КАК ОЦЕНИТЬ СВОЮ МЫСЛЬ

 

Установить качество мысли нелегко, так как мышление может совершаться на различных уровнях. Но если попытаться заглянуть в сознание, то все очевидные трудности исчезнут. Один-два эксперимента помогут определить критерии, на основе которых можно оценивать человеческую мысль. Эти критерии таковы: 1. Образы, рождающие мысль. 2. Наши симпатии и антипатии, соответствующие этим образам. 3. Сила ума, помогающая нам с большим или меньшим успехом собрать в единое целое поступающую в наше сознание интеллектуальную информацию.

 

Совершенно ясно, что человек, чье сознание наполнено образами легких удовольствий, комфорта, вкусной еды, красивой одежды, танцев, путешествий, веселой компании, короче, тем, что мы называем материальным благосостоянием, намного дальше отстоит от понятия "мысль", чем тот, чье воображение захвачено прекрасными сценами, например, образами Италии — с ее благородными сооружениями, причудливой и привлекательной античностью, с ее храмами, музеями, где все напоминает о жизни великих художников.
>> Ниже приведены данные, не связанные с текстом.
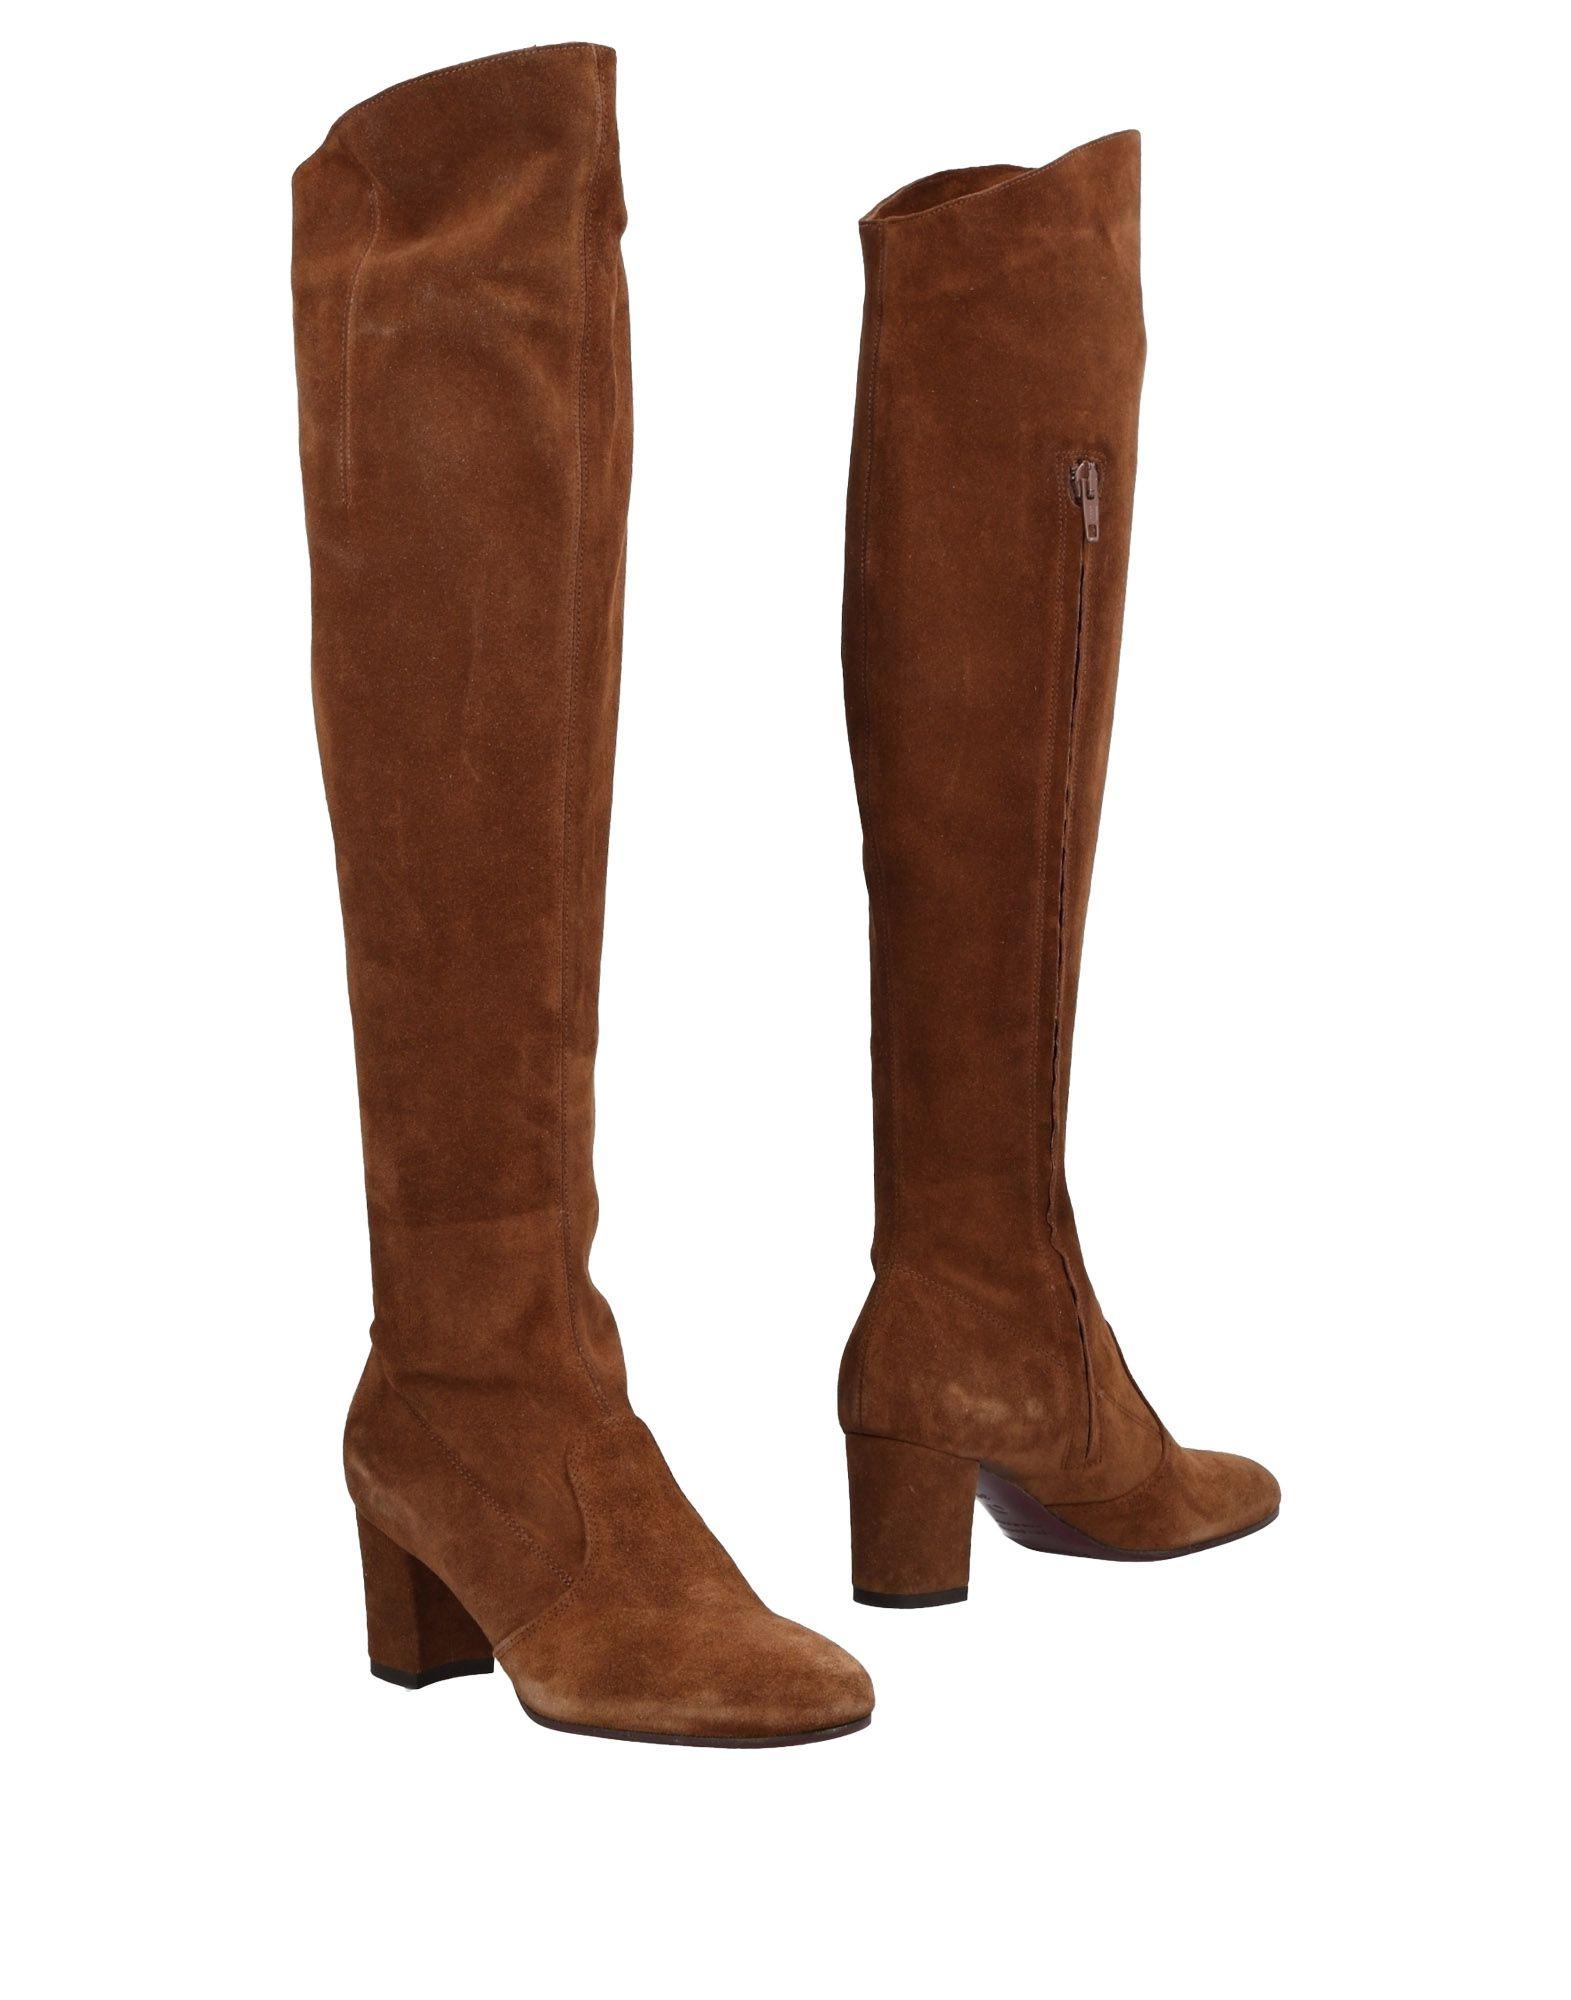 L' Autre Chose Stiefel Damen  11488149NKGut aussehende strapazierfähige Schuhe

Превосходство художника в самом широком смысле этого слова над обычным светским человеком, ничего больше из себя не представляющим, кроме способности быть светским, бесспорно. И причина этого лишь в одном: более высокий уровень образов, которыми он мыслит. Мы преклоняемся перед видными деятелями Возрождения, потому что они мыслили более возвышенными образами, чем обычный художник. Перед их внутренним взором разворачивались не просто красивые картины, они видели перед собой более счастливое человечество. Попробуйте подняться по шкале моральных ценностей, стоящими за образами, которыми мыслят патриот, социальный или моральный реформатор, святой или великий религиозный деятель. Эти ценности возвышенны и ярки. Какие образы проносятся в нашем мозгу, когда он ничем не занят? Мы должны это выяснить, потому что за самонаблюдением непременно следует эксперимент. Итак, мы можем стать своими собственными судьями. Мысль довольно устрашающая.

 

Конечно, наши симпатии и антипатии соответствуют определенным образам. И совершенно очевидно, что те, которые нам неприятны, нечасто будут появляться перед нашим внутренним взором, если им грозит приговор: они нежелательны, они нам не нравятся.

 

С другой стороны, большинство людей легче поддаются своим антипатиям, чем симпатиям, потому что последние слабее чувства раздражения и ненависти. Это одно из унизительных качеств человеческой натуры — возмущение по поводу вещей незначительных, которое возникает гораздо чаще, чем чувство благодарности за более значительное и важное. Наше впечатление от поездки может резко измениться в худшую сторону только из-за того, что в последние несколько дней нам докучали скучные и глупые люди. Но иногда человек сам провоцирует встречи с подобными людьми, потому что в глубине души он любит быть недовольным, а чувство раздражения соответствует его природе. Критик, которому, казалось бы, нравилась книга, которую он читал, будет радостно изрыгать ругательства, если последняя глава противоречит его устойчивым представлениям о мире. Люди, одаренные благородными и добрыми характерами, даже, если они осознают всю несправедливость мира, — почти всегда по своей натуре оптимисты. Но сколь незначительно их число! Совершенно поразительно, что некий Антуан, бельгийский религиозный целитель, завоевал уважение во всей Европе, молясь за своих врагов. Эта доктрина — возлюби своего врага — была традиционной (теоретически) у христиан. К счастью, тысячи людей отнеслись к ней как к некоему открытию и с энтузиазмом поддержали ее.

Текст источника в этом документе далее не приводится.